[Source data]
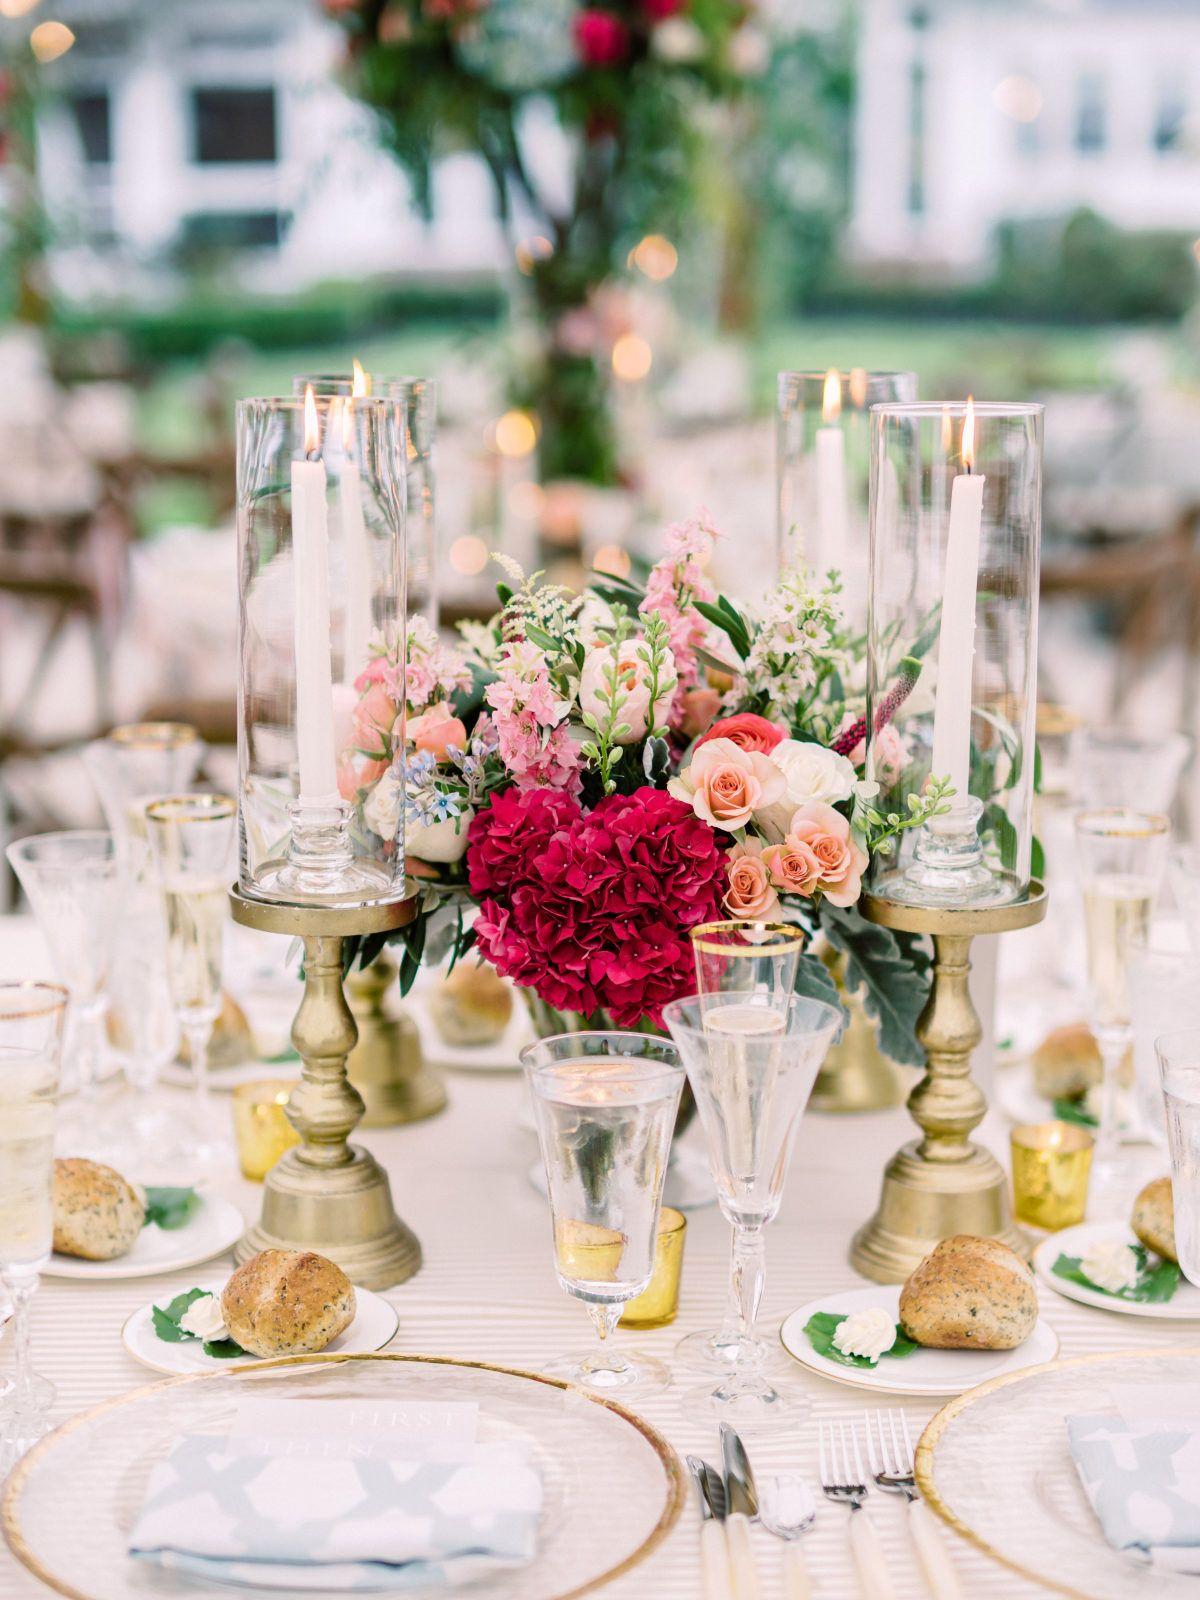 An Elegant Garden Wedding At The Bride S Family Home That Celebrates Color In 2020 Garden Wedding Wedding Diy Decor
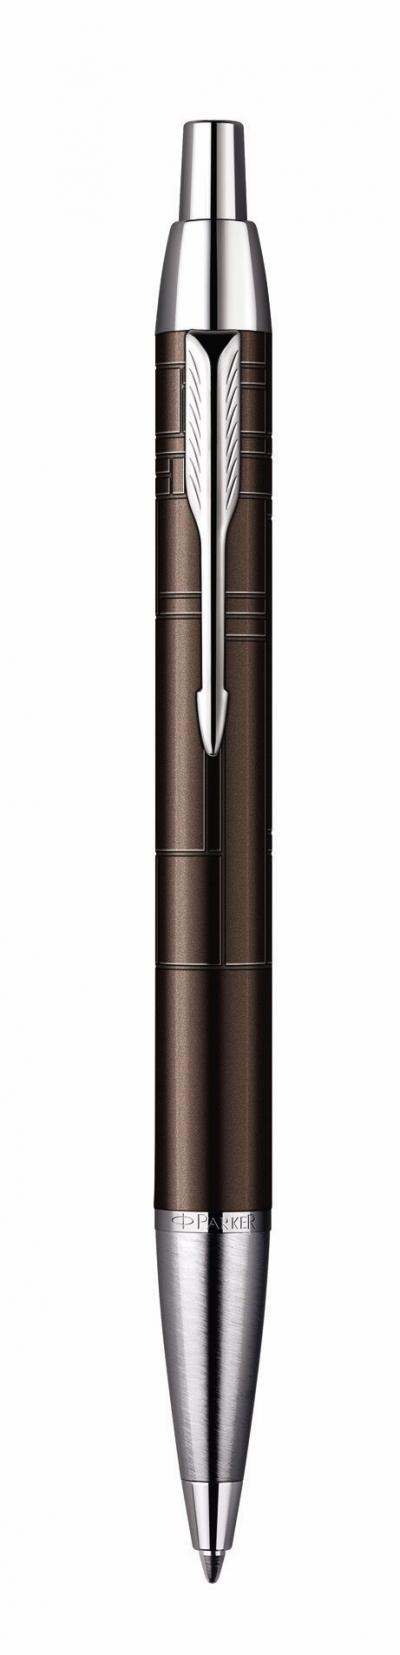 Ekskluzywny długopis Parker I.M premium (S0949730)
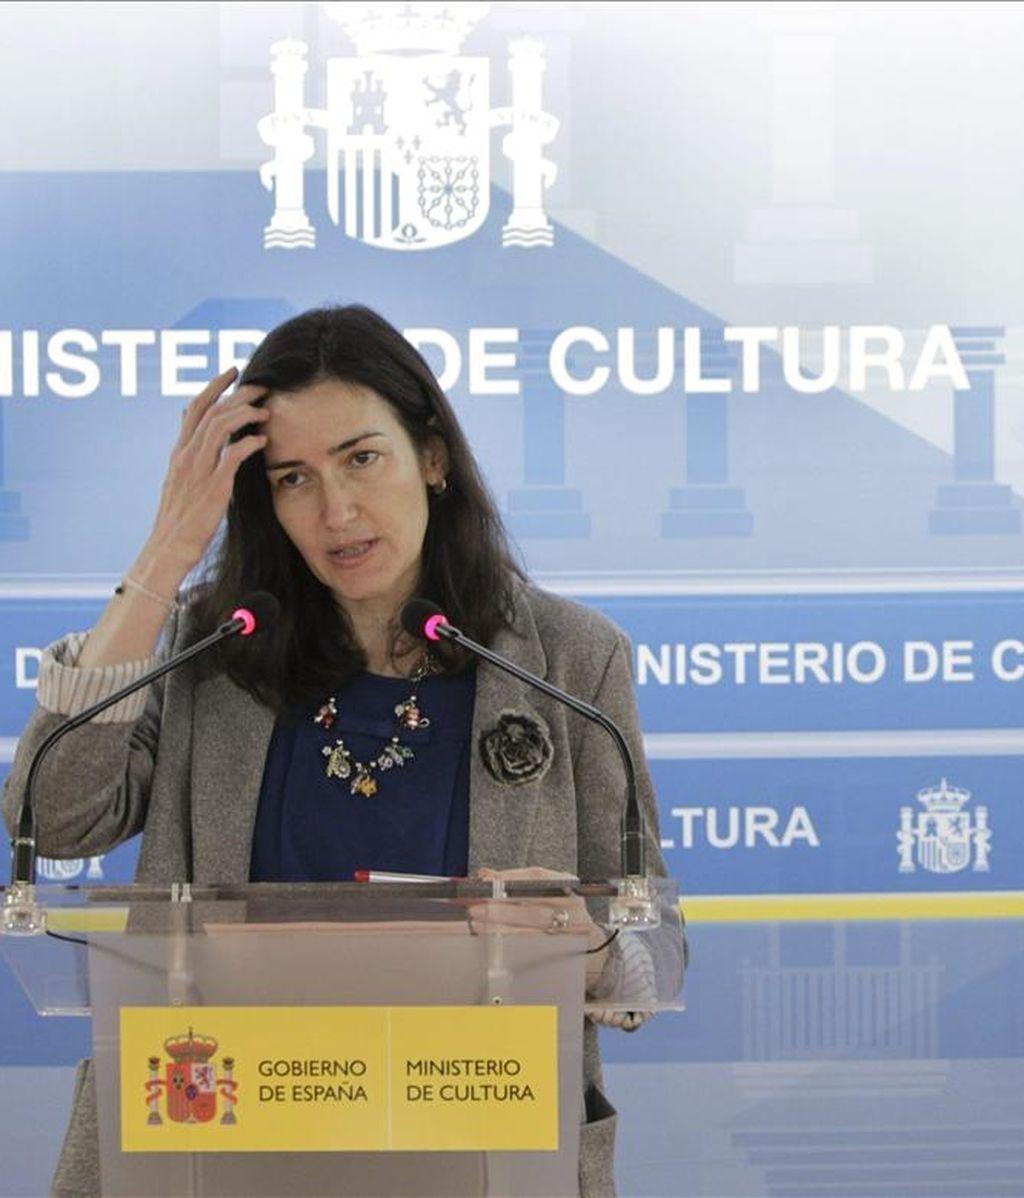 La ministra de Cultura, Ángeles González-Sinde durante durante una rueda de prensa el 11 de abril de 2011. EFE
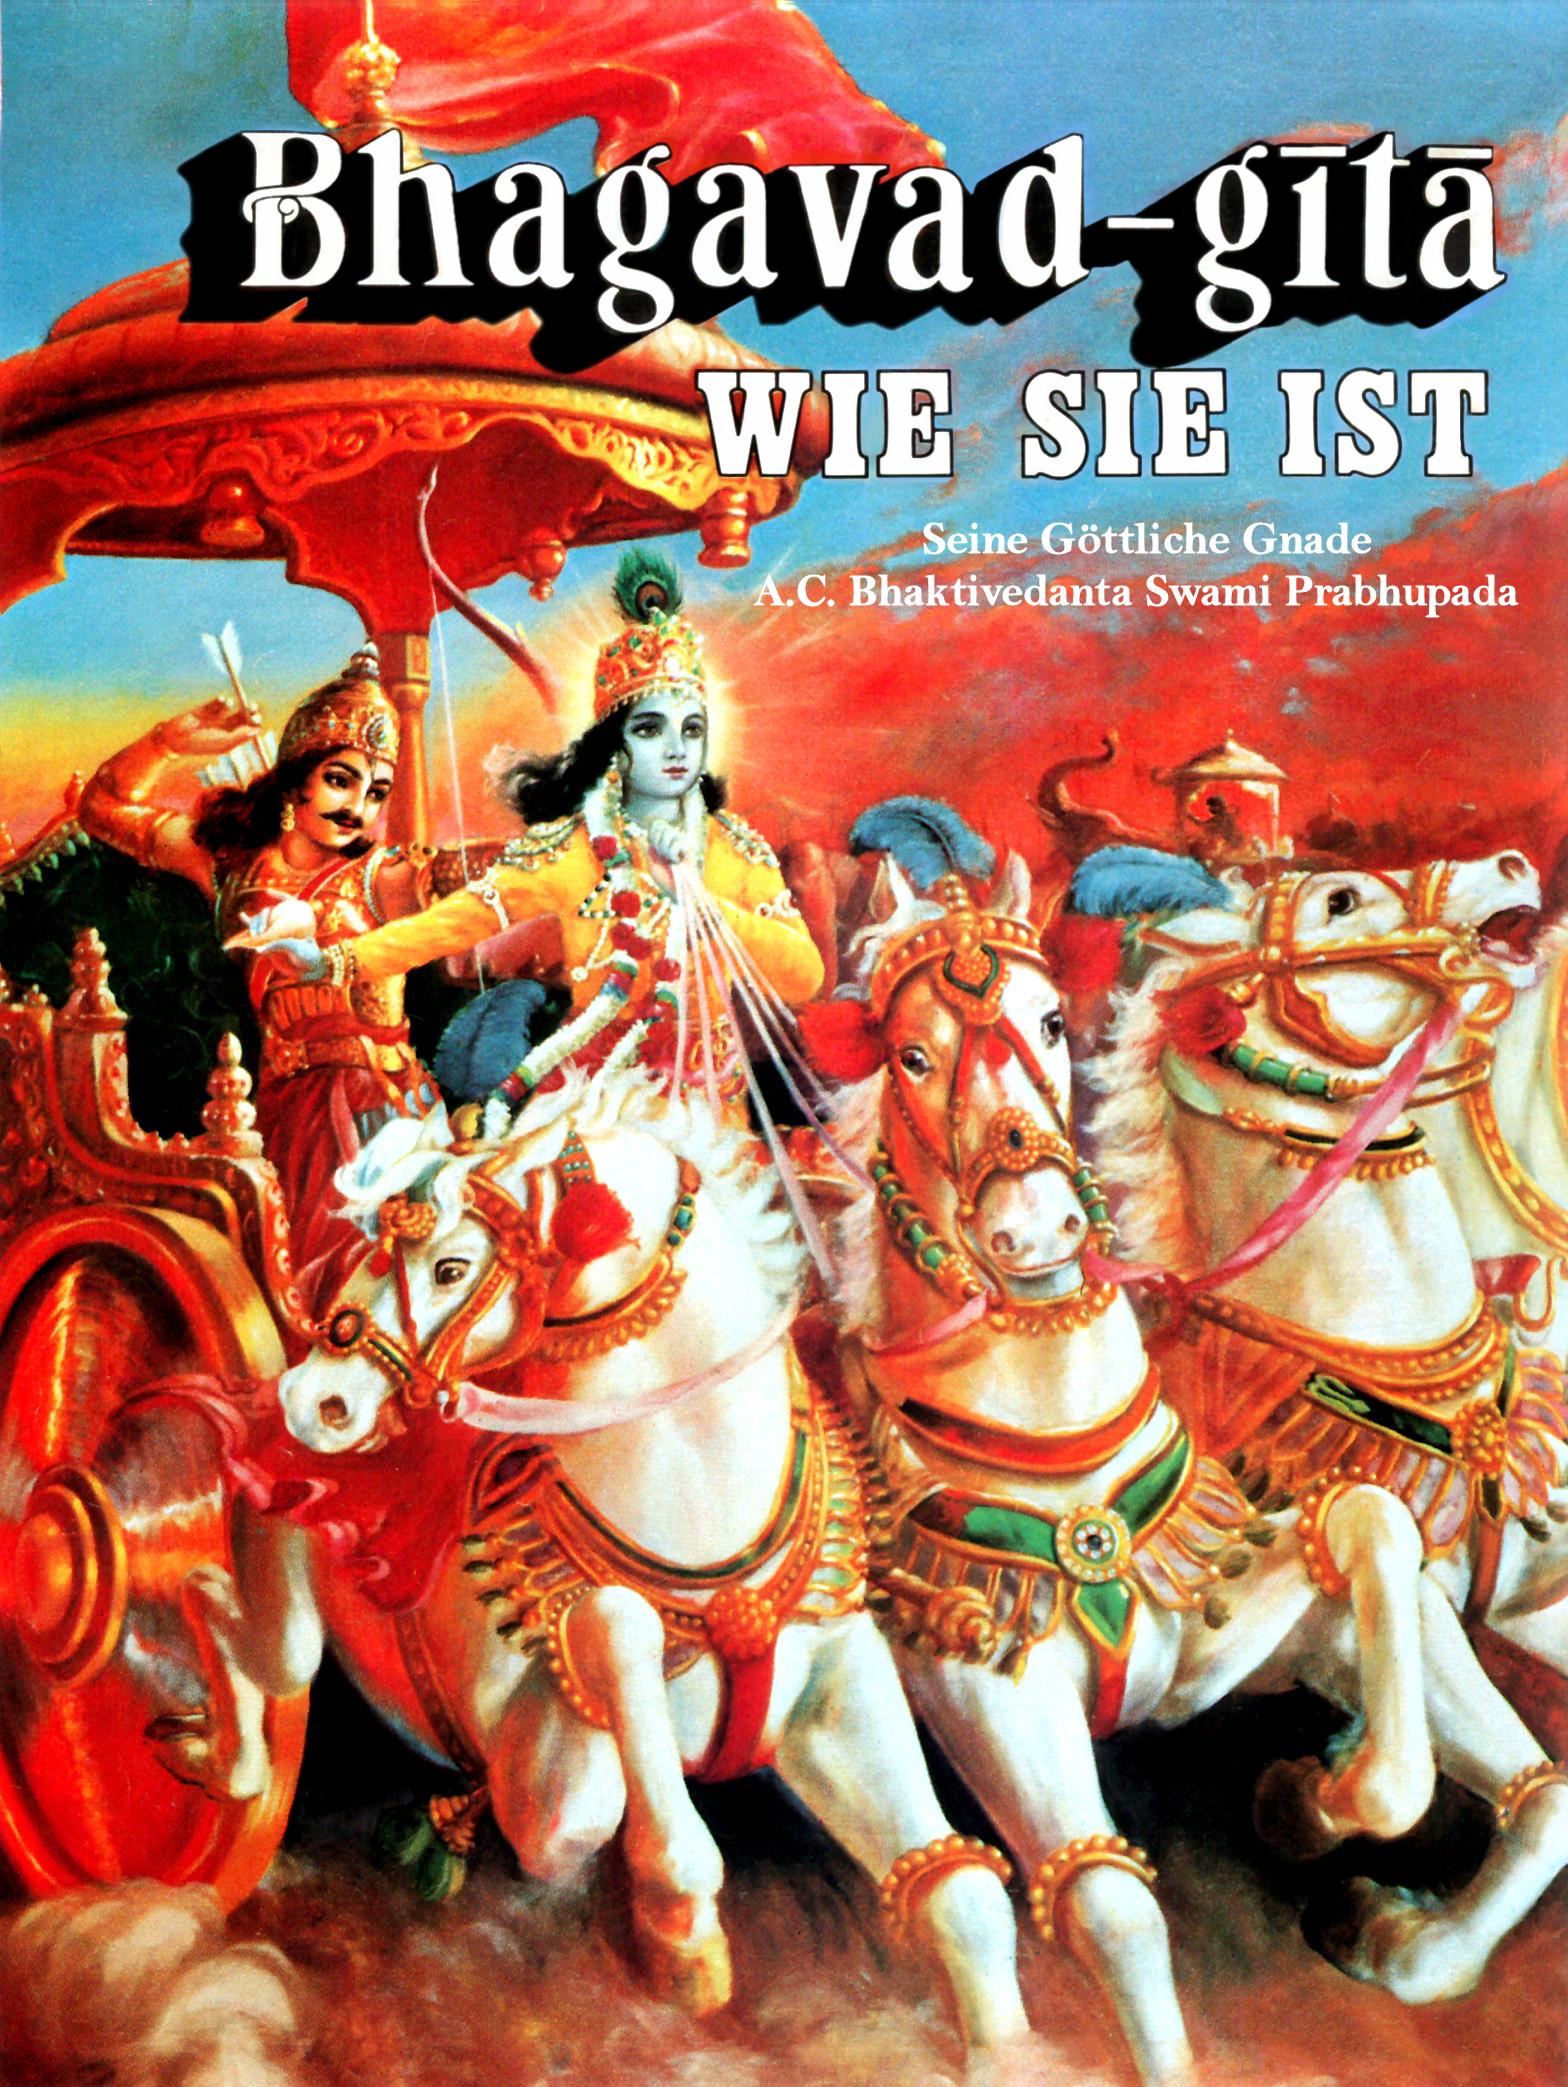 Bhagavad-gita Wie Sie Ist - Original 1974 Edition Schloß Rettershof
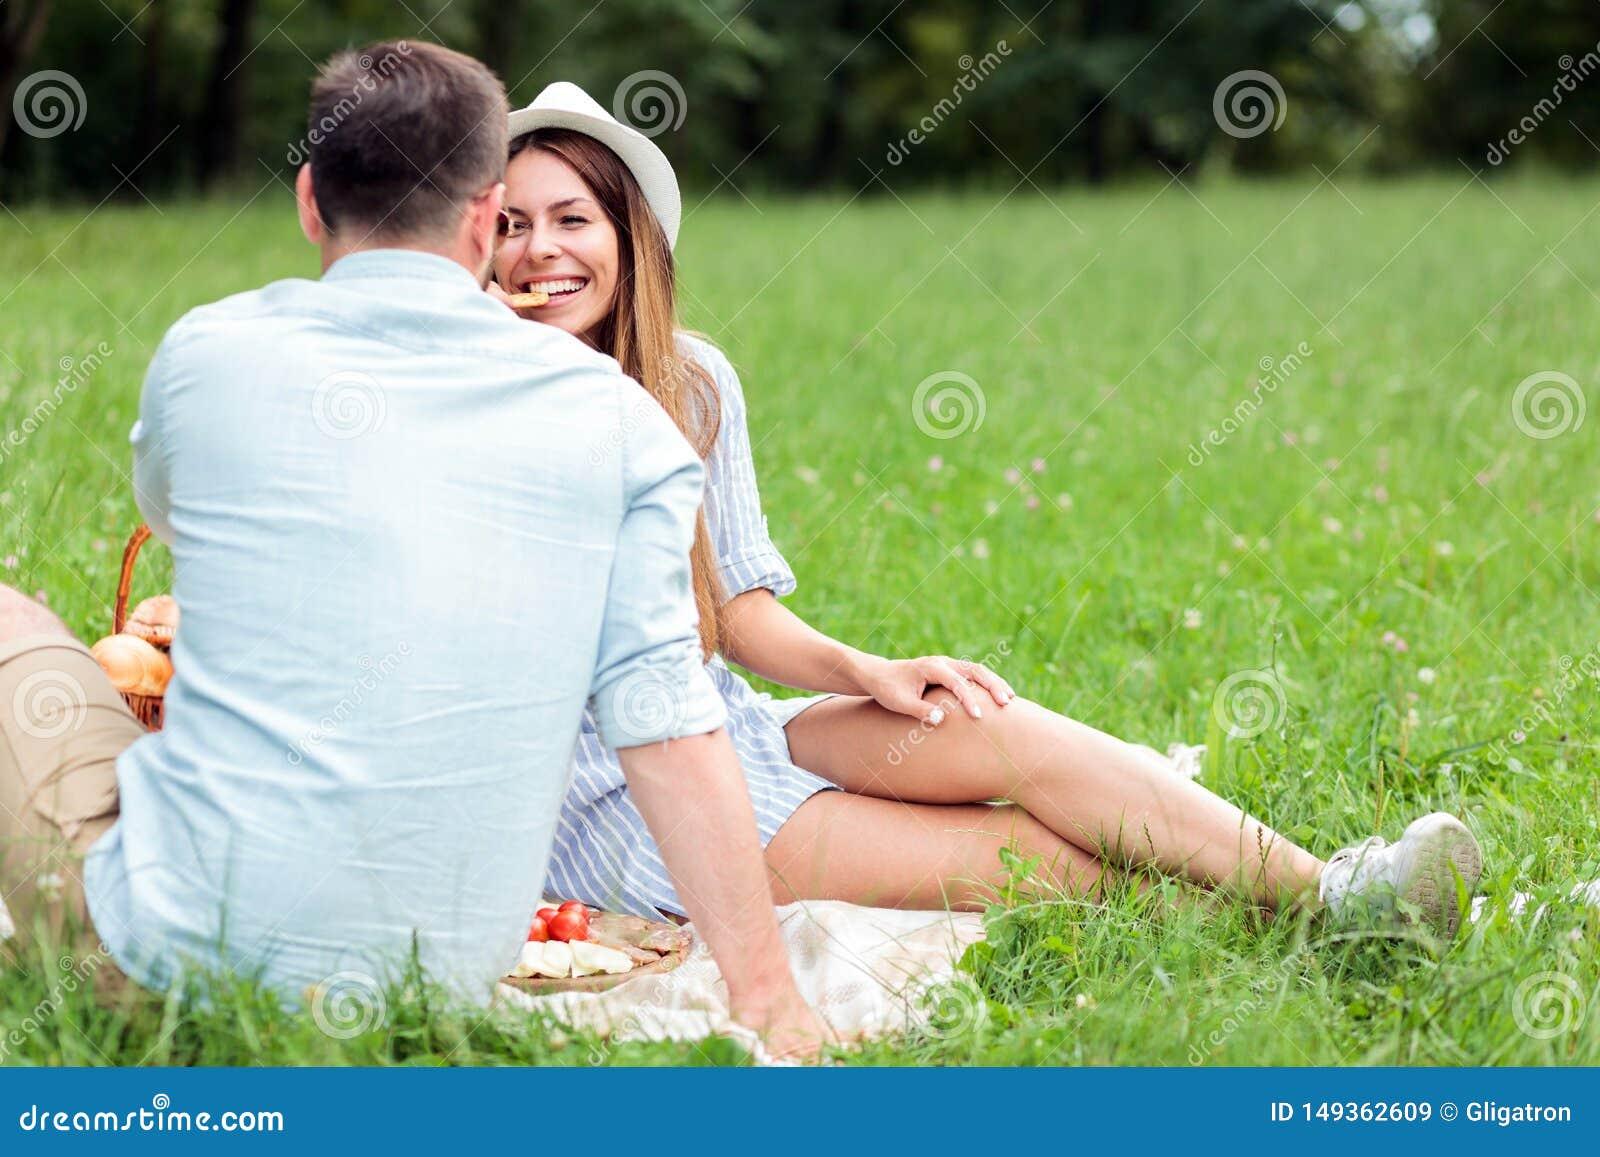 Giovani coppie felici che si divertono in un parco, sedentesi su una coperta di picnic

Task instructions:
Exact copy, no pictures: reproduce every record as it stands.

Response for this exercise:
 An Elegant Garden Wedding At The Bride S Family Home That Celebrates Color In 2020 Garden Wedding Wedding Diy Decor
 Ekskluzywny długopis Parker I.M premium (S0949730)
 La ministra de Cultura, Ángeles González-Sinde durante durante una rueda de prensa el 11 de abril de 2011. EFE
 Bhagavad-gita Wie Sie Ist - Original 1974 Edition Schloß Rettershof
 Giovani coppie felici che si divertono in un parco, sedentesi su una coperta di picnic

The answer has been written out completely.